What if you can only hear the music playing and isolate the sound of a specific instrument? The Computer Science and Artificial Intelligence Laboratory (CSAIL), a computer science and artificial intelligence research institute under MIT, has developed the PixelPlayer, an artificial intelligence system that can only extract certain musical instrument sounds.
This product is not just picking up the sound by listening to the sound. The pixel player identifies the instruments visible in the video at the pixel level. Then extract the sound of this instrument. Synchronizing video and music at the same time without any human intervention. You can then associate your voice with the person you are playing in the video, simply click on the video to remove the sound of a particular instrument, or adjust the volume separately for each instrument.
If you look at a sample video from CSAIL and you want to hear only the guitar of the duo playing the guitar and the violin, click on the man playing the guitar. This will only extract the guitar sound. This is also true of images played with trumpet and tuba. Other instruments can be reduced or eliminated altogether, and only the trumpet sounds can be raised.
(Use pixel player above video)
Pixel players can analyze over 60 hours of playing video through deep-learning techniques to identify more than 20 instrument sounds. Of course, as explained above, each of these instruments can freely adjust the volume. Of course, the sound quality extracted by the instrument is still different, but if there is more learning data, the number of instruments and quality that can be discerned can be increased. CSAIL says it will soon release pixel player datasets and code.
Where can a pixel player be used? It may be applied to adjust the sound quality or volume of past performance video so that it can easily be tuned and distinguish the ambient noise.

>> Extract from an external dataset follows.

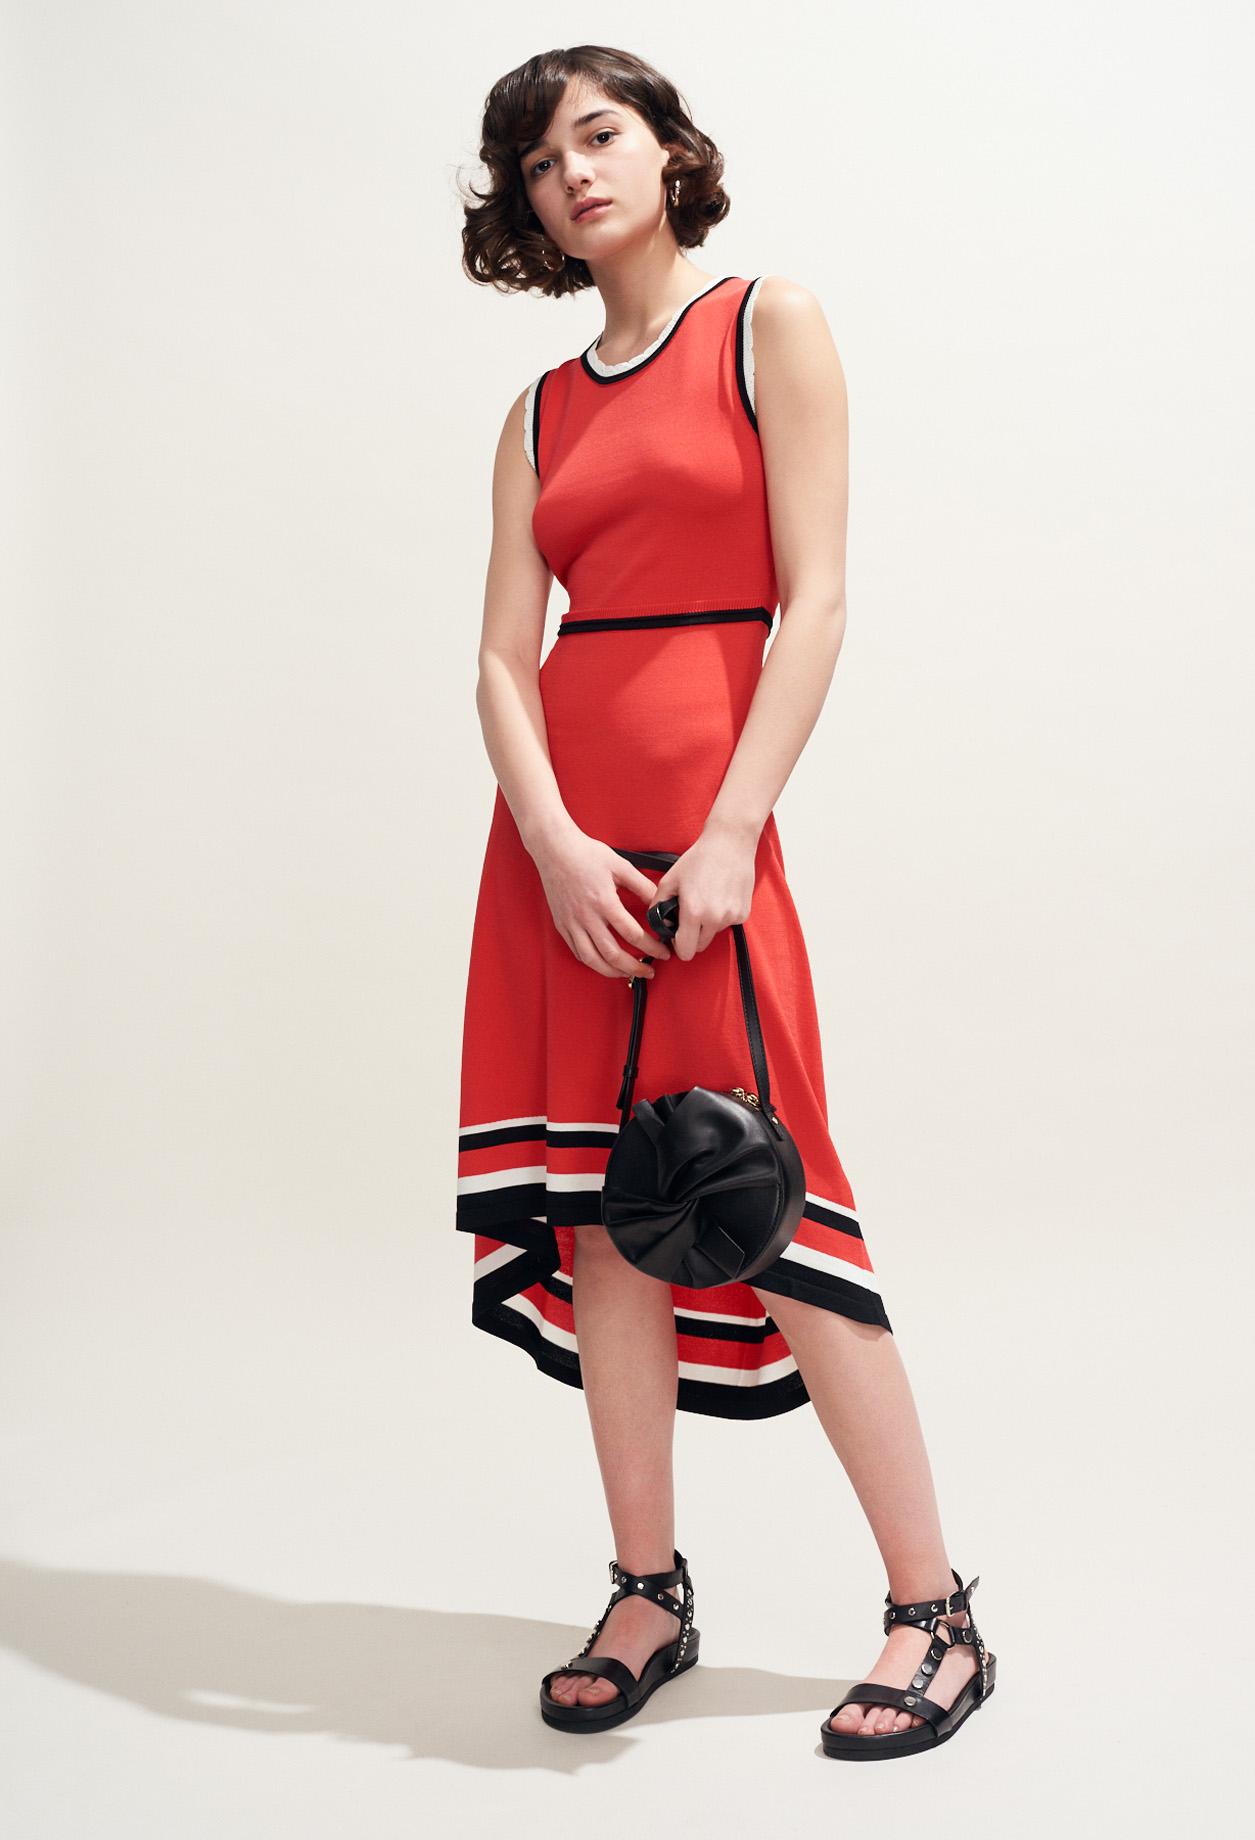 68eeca7904f MELISSE BIS   Dresses color ECARLATE

There is no exception in the field of artificial intelligence. Attempts to integrate artificial intelligence into the field of art, such as music, have continued.

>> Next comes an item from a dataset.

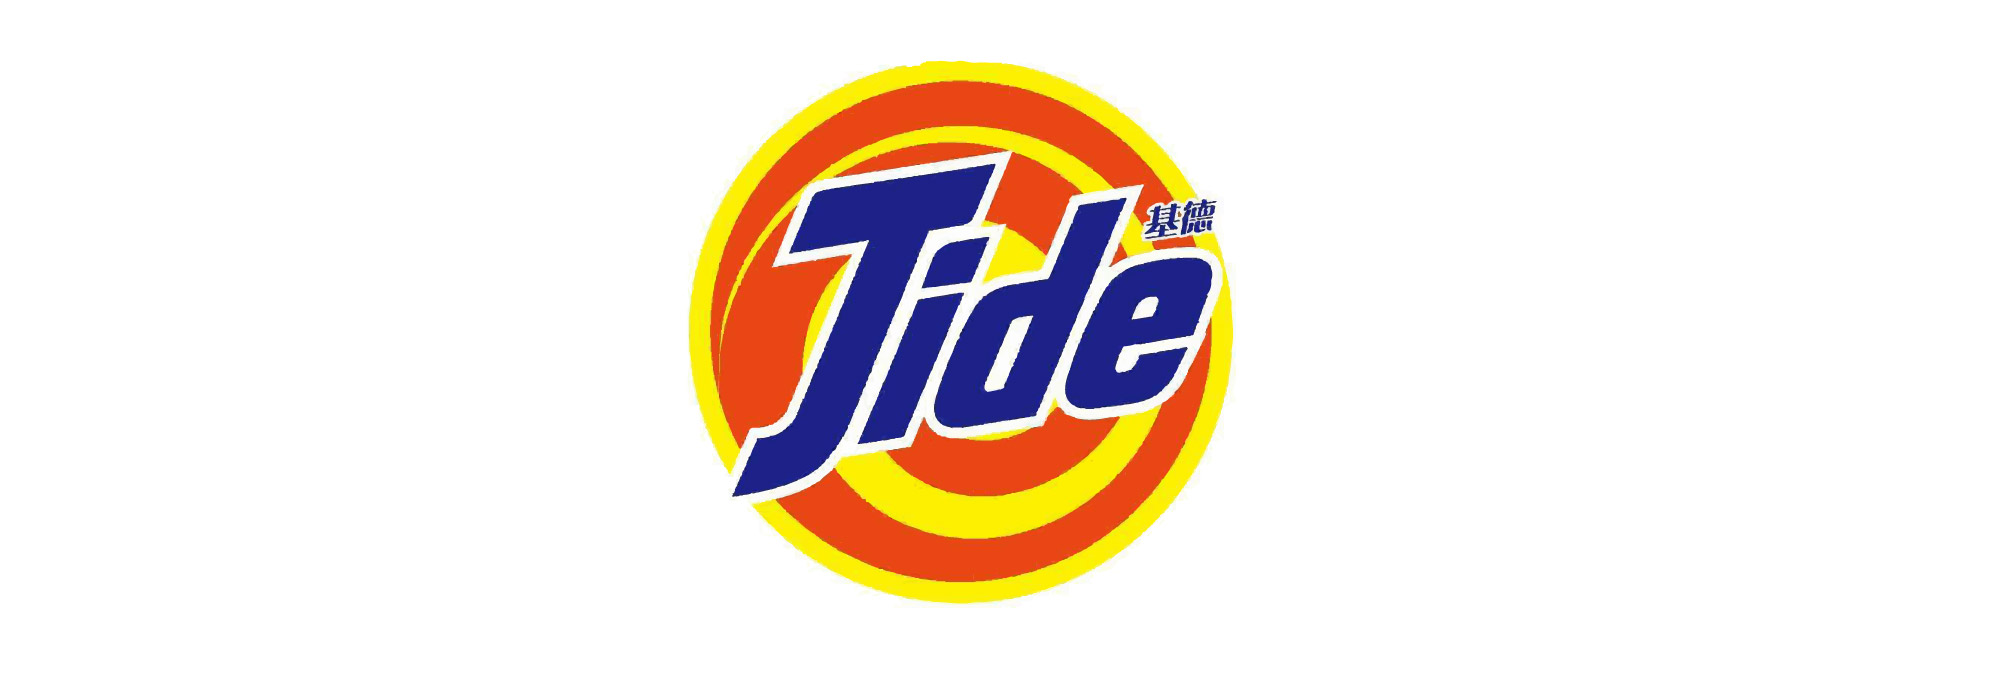 汰渍(TIDE)
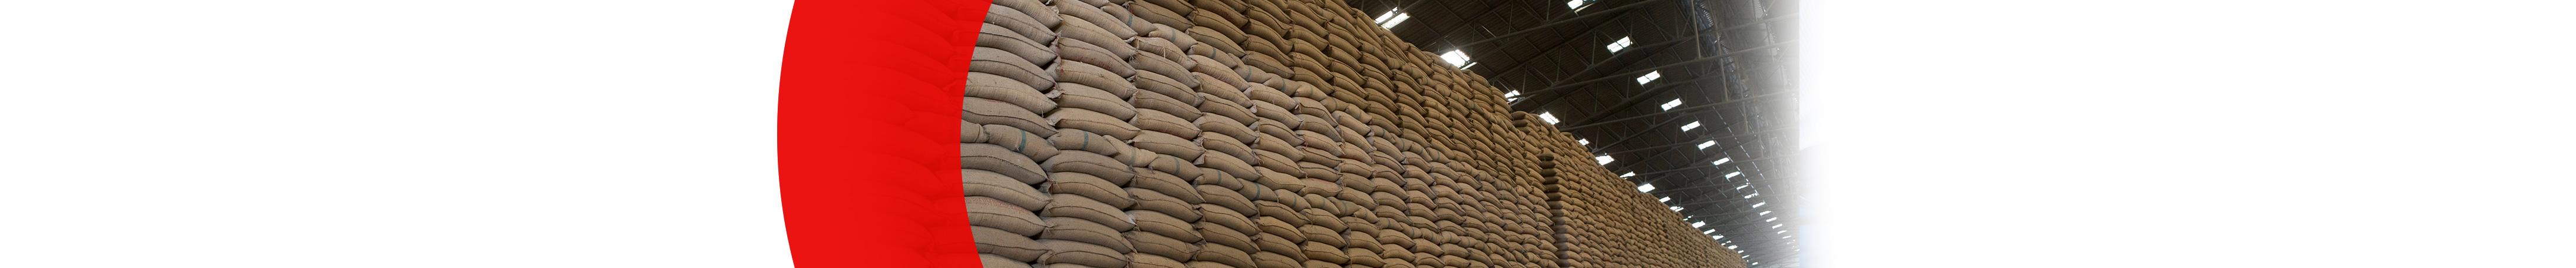 Rice Stockpile Scheme - E-Services | Enterprise Singapore

The Sony Computer Science Institute (Sony CSL) has released two songs from YouTube using artificial intelligence in 2016. Using artificial intelligence software called Flow Machines, students learn music styles through vast amounts of music data. Artificial intelligence has learned music styles from massive data, then combined them into their own compositions.
The songs that have been processed through this process are composed by recording over 10,000 songs in a database called LSDB. For example, if you hit a singer, you can choose the Beatles style. The music released by the actual researchers was composed by a composer and lyricist who composed and arranged music, but it attracted considerable attention.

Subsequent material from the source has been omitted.